Apache is often used as a so-called “reverse proxy” in front of the TurboGears application server, i.e. Apache is taking the requests from the user’s browser and forwards them to the TG application server, which returns the response to Apache again and Apache sends it back to the browser.
This has two main advantages:
a) HTTPS is used between the browser and the web server, i.e. the communication between the browser and the server is encrypted, so it is safe to transfer sensitive data, e.g. login passwords etc.
b) Apache can serve static documents (CSS, images, JS, etc.), which improves performance.

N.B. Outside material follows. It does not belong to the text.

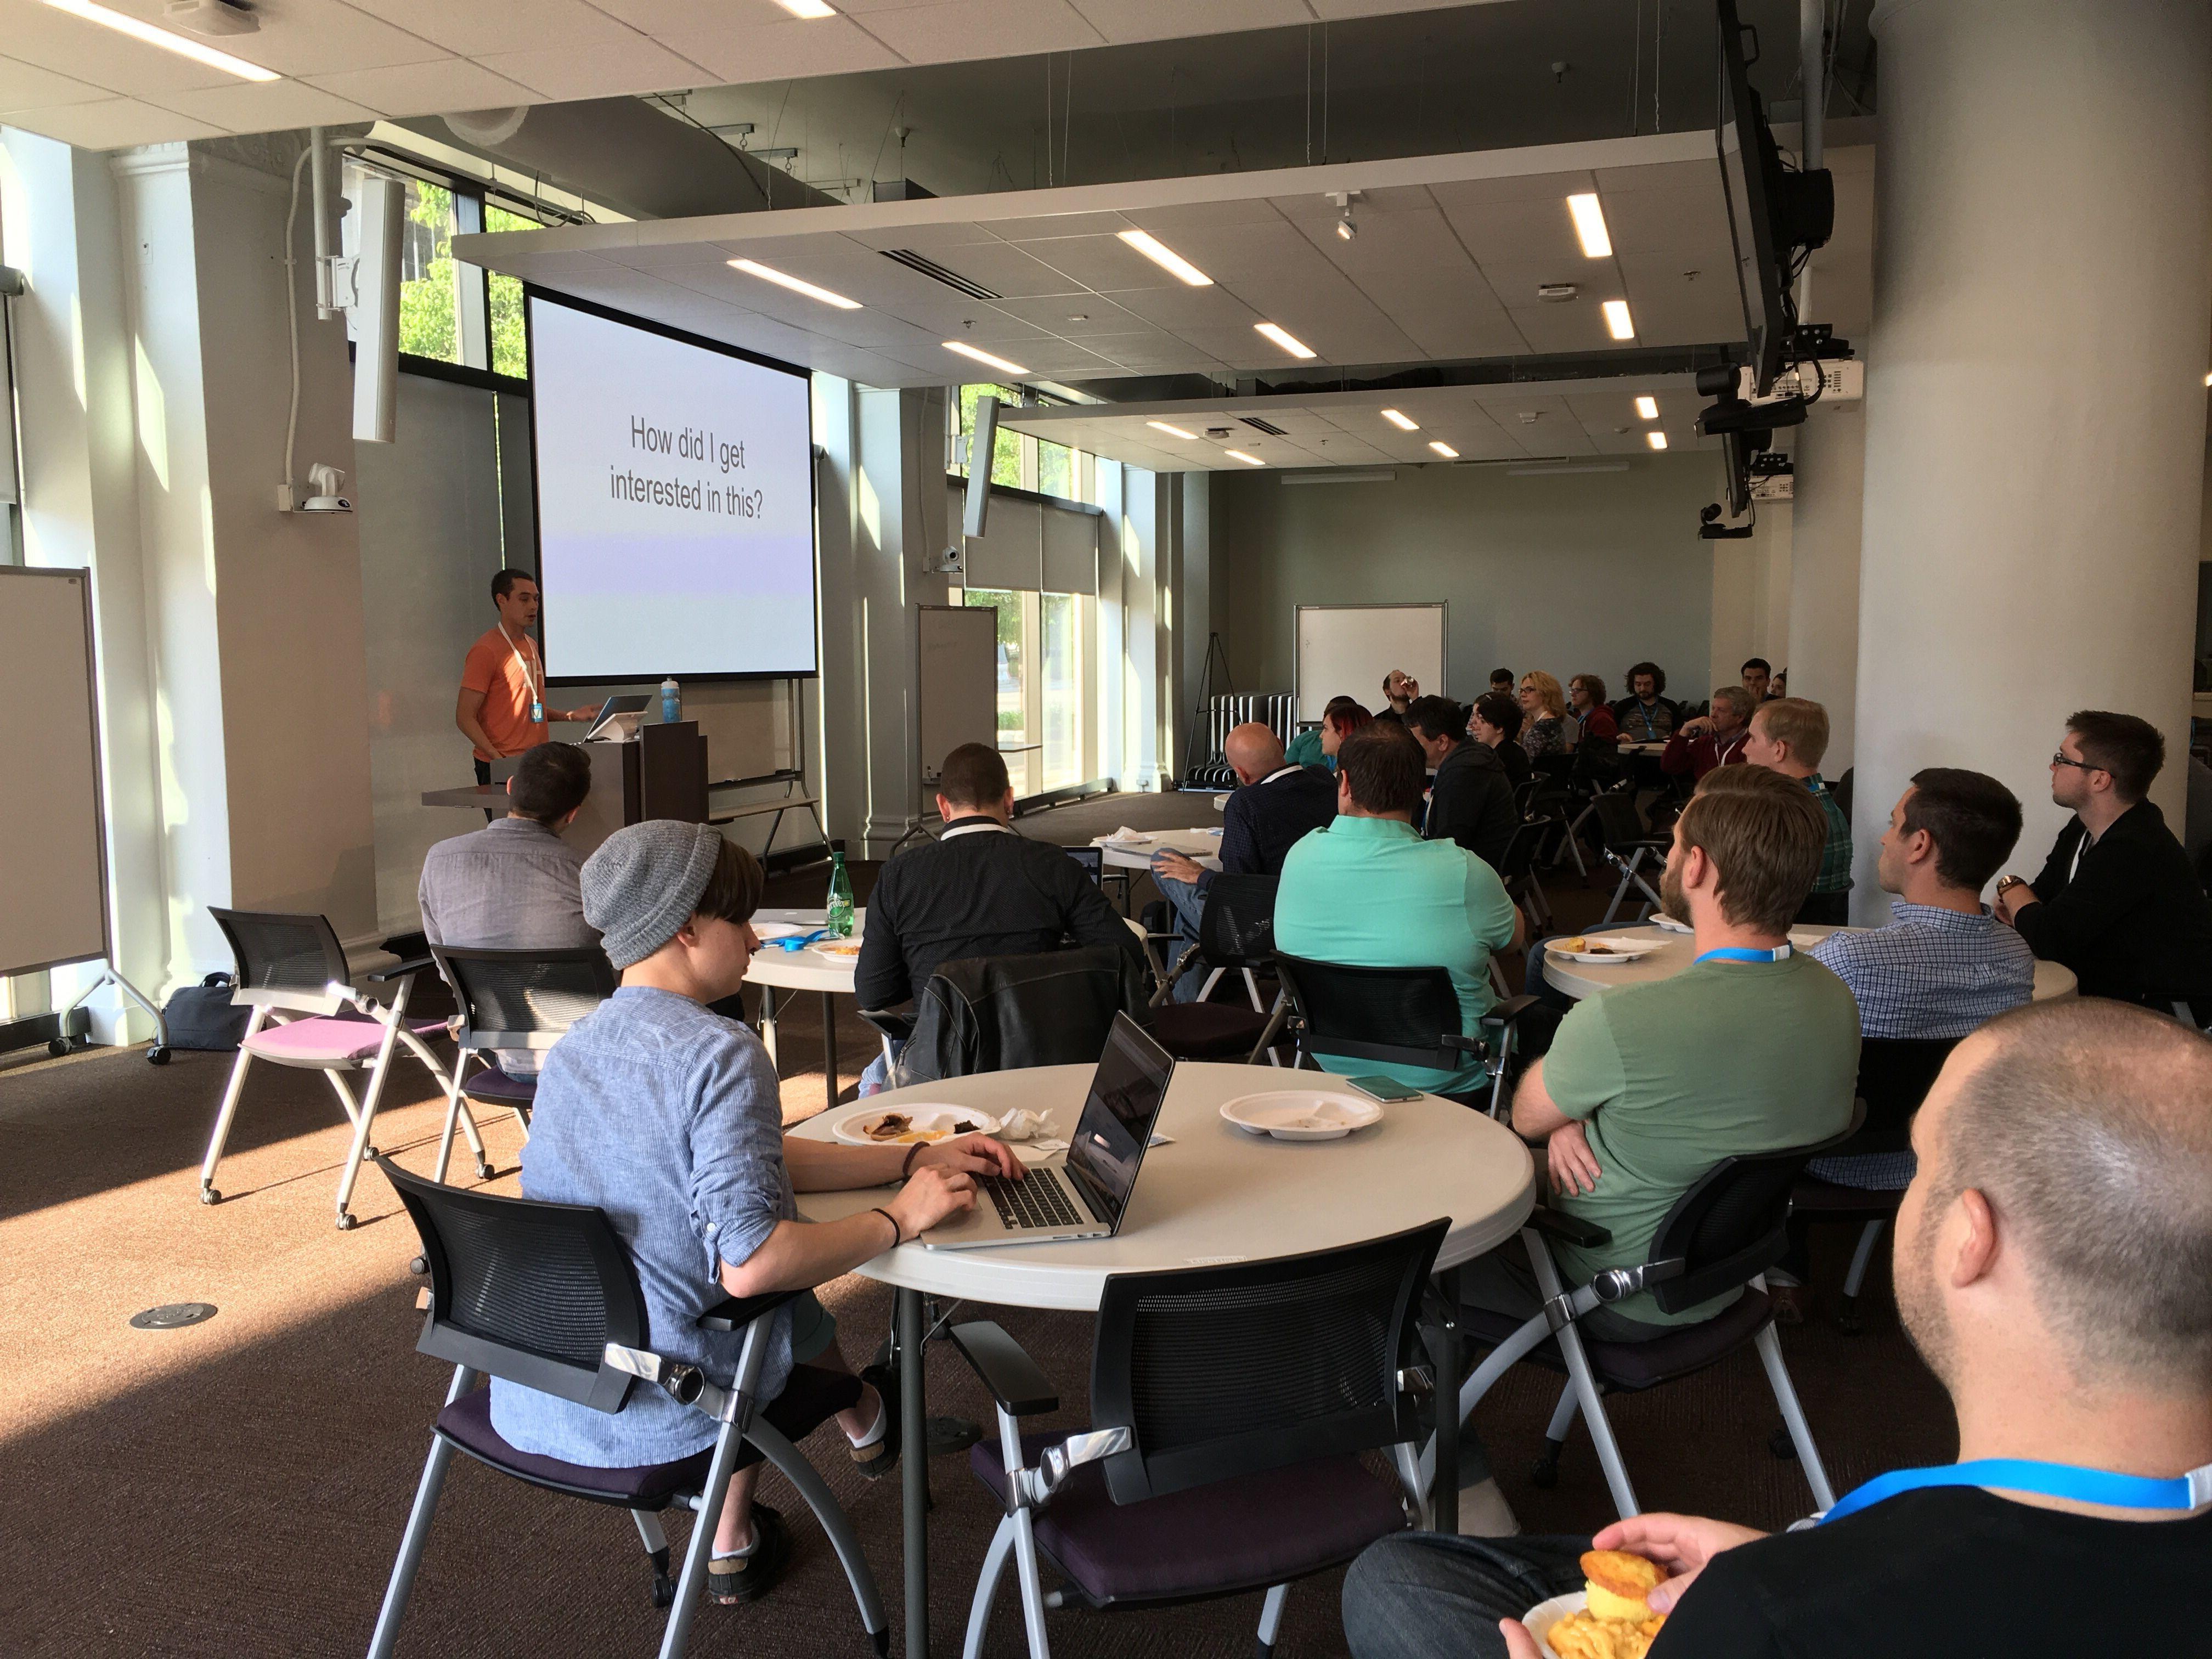 Indy.js : Indy JavaScript Society

Homepage: http://httpd.apache.org/
PostgreSQL (“Postgres”) is a powerful, open source relational database system. It has more than 15 years of active development and a proven architecture that has earned it a strong reputation for reliability, data integrity, and correctness. It runs on all major operating systems, including Linux, UNIX (AIX, BSD, HP-UX, SGI IRIX, Mac OS X, Solaris, Tru64), and Windows.
Postgres is used as the database backend through SQLAlchemy by many TurboGears applications, but the database backend can often be replaced with a different one with little effort.
Homepage: http://postgresql.org/
SQLObject is a object-realtional mapper (ORM), similar to SQLAlchemy, maybe less powerfull, but easy to learn for the novice. It was the standard database access layer in earlier versions of TurboGears and is still fully supported by TG 1.1.
Homepage: http://sqlobject.org/
Kid is a XML-based template language for Python. It is the predecessor to Genshi and was the standard templating engine in earlier TurboGears versions. It is still fully supported by TG 1.1 and used internally by the widgets framework in TG 1.1.
Homepage: http://kid-templating.org/
nose is a tool to make running unit tests easier. It integrates nicely with setuptools and therefore TurboGears. New TurboGears projects come with a basic unit test suite, which can be run by nose, out of the box.